Colossal Biosciences’ Grand Aspirations
One could say Colossal Biosciences has been all about de-extinction from the get-go. The biotech company was founded by entrepreneur Ben Lamm and acclaimed geneticist and serial biotech founder George Church. Church is famed for his contributions to the Human Genome Project and his role in developing the revolutionary CRISPR technology. Lamm, on the other hand, has kick-started five different companies, including Chaotic Moon, which sold to Accenture, and was most recently co-founder and CEO of Hypergiant, an artificial intelligence company working with NASA and the Department of Homeland Security.
The duo met in 2019 in a Boston lab, where Church and his genetics team were working on using CRISPR technology to copy mammoth genes into the genome of an Asian elephant. For Lamm, it was love at first sight. Already intrigued by the Jurassic Park-style rumors, he couldn’t contain his excitement and immediately offered Church an invitation to team up on the venture.

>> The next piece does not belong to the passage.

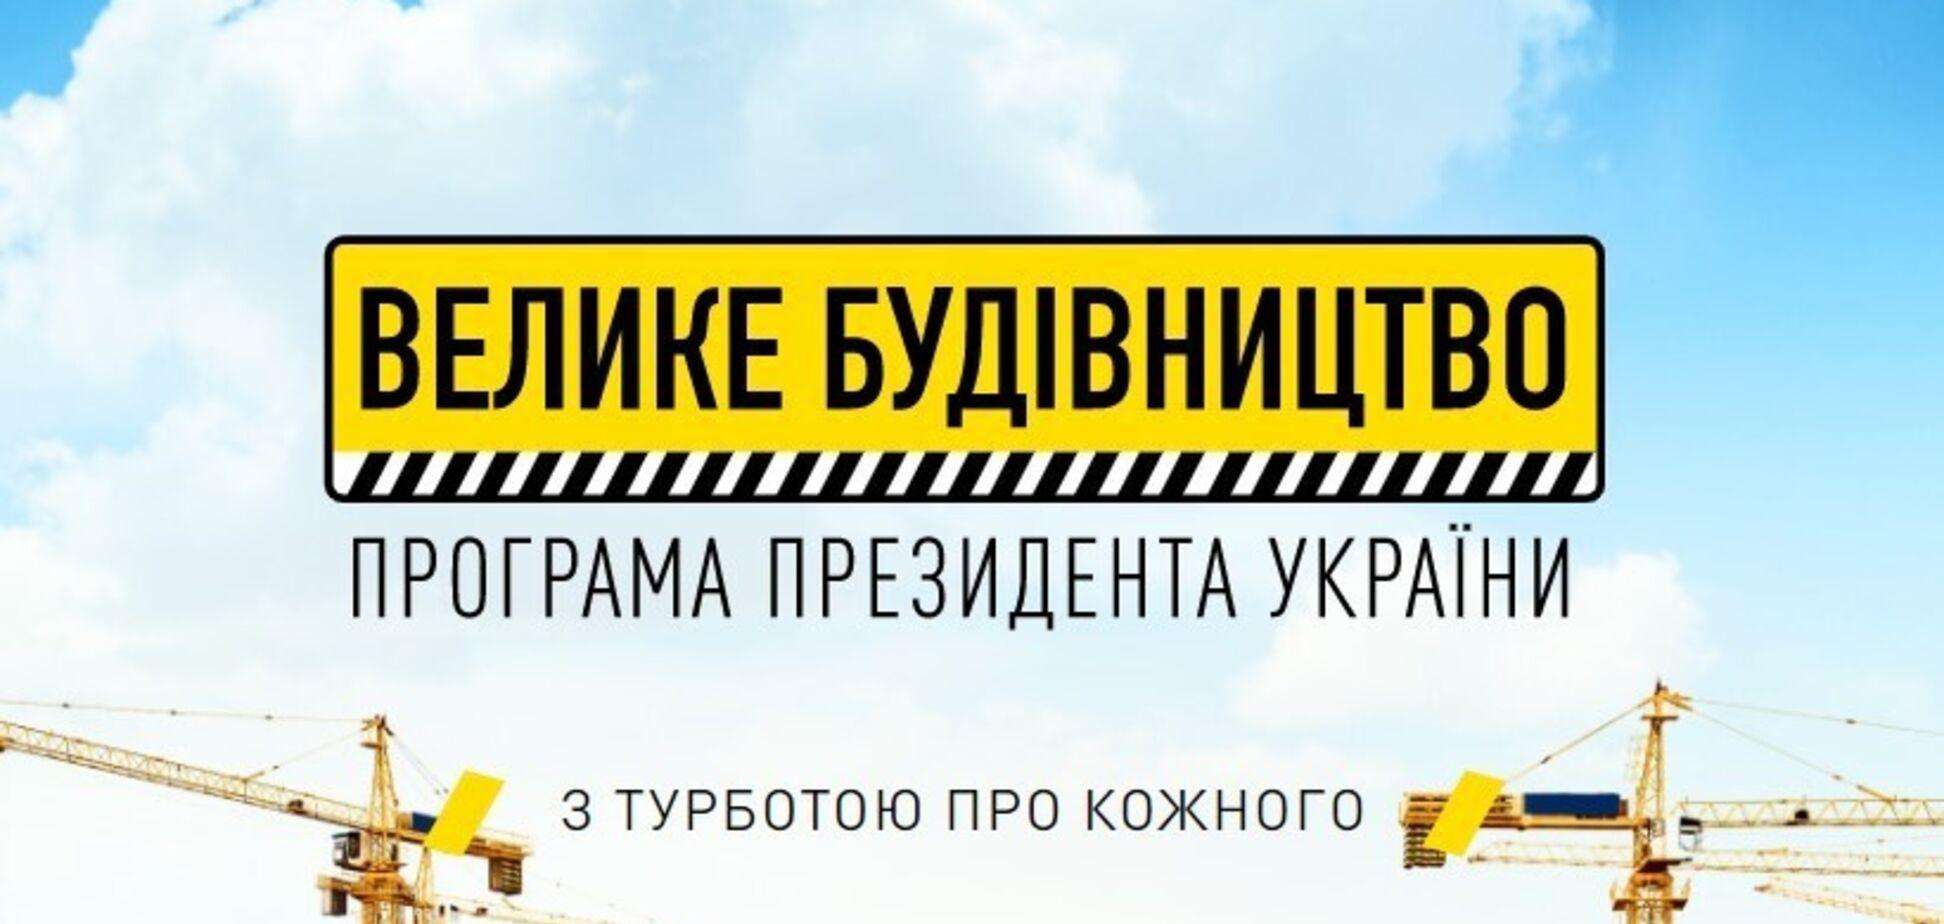 В Олександрії відремонтують лікарню за програмою 'Велике будівництво'

“The World Wildlife Fund found that in the last 50 years, Earth’s wildlife populations have plunged by an average of 69% at the hands of mankind,” said Lamm.
“By gathering the smartest minds across investing, genomics, conservation, and synthetic biology, we have the opportunity to reverse human-inflicted biodiversity loss while developing technologies for both conservation and human health care. We are honored to be backed by a dedicated and diverse group of investors and are excited to work to bring additional species back to the planet.”
While bringing back extinct animals is a part of the company’s grand aspirations, there’s much more at play. The company contends that its innovations in synthetic biology will not only benefit our lonely planet but also contribute to the United State’s high-tech superiority.
The implementation of diverse gene editing techniques will supply the agriculture sector with fresh biofuels and safeguarded biodiversity while enhancing human health through gene therapy and vaccine creation.
Said Lamm, “I’m really excited about advancing these technologies. Any technology that we develop that has applications to conservation, we want to subsidize and just give to the world.”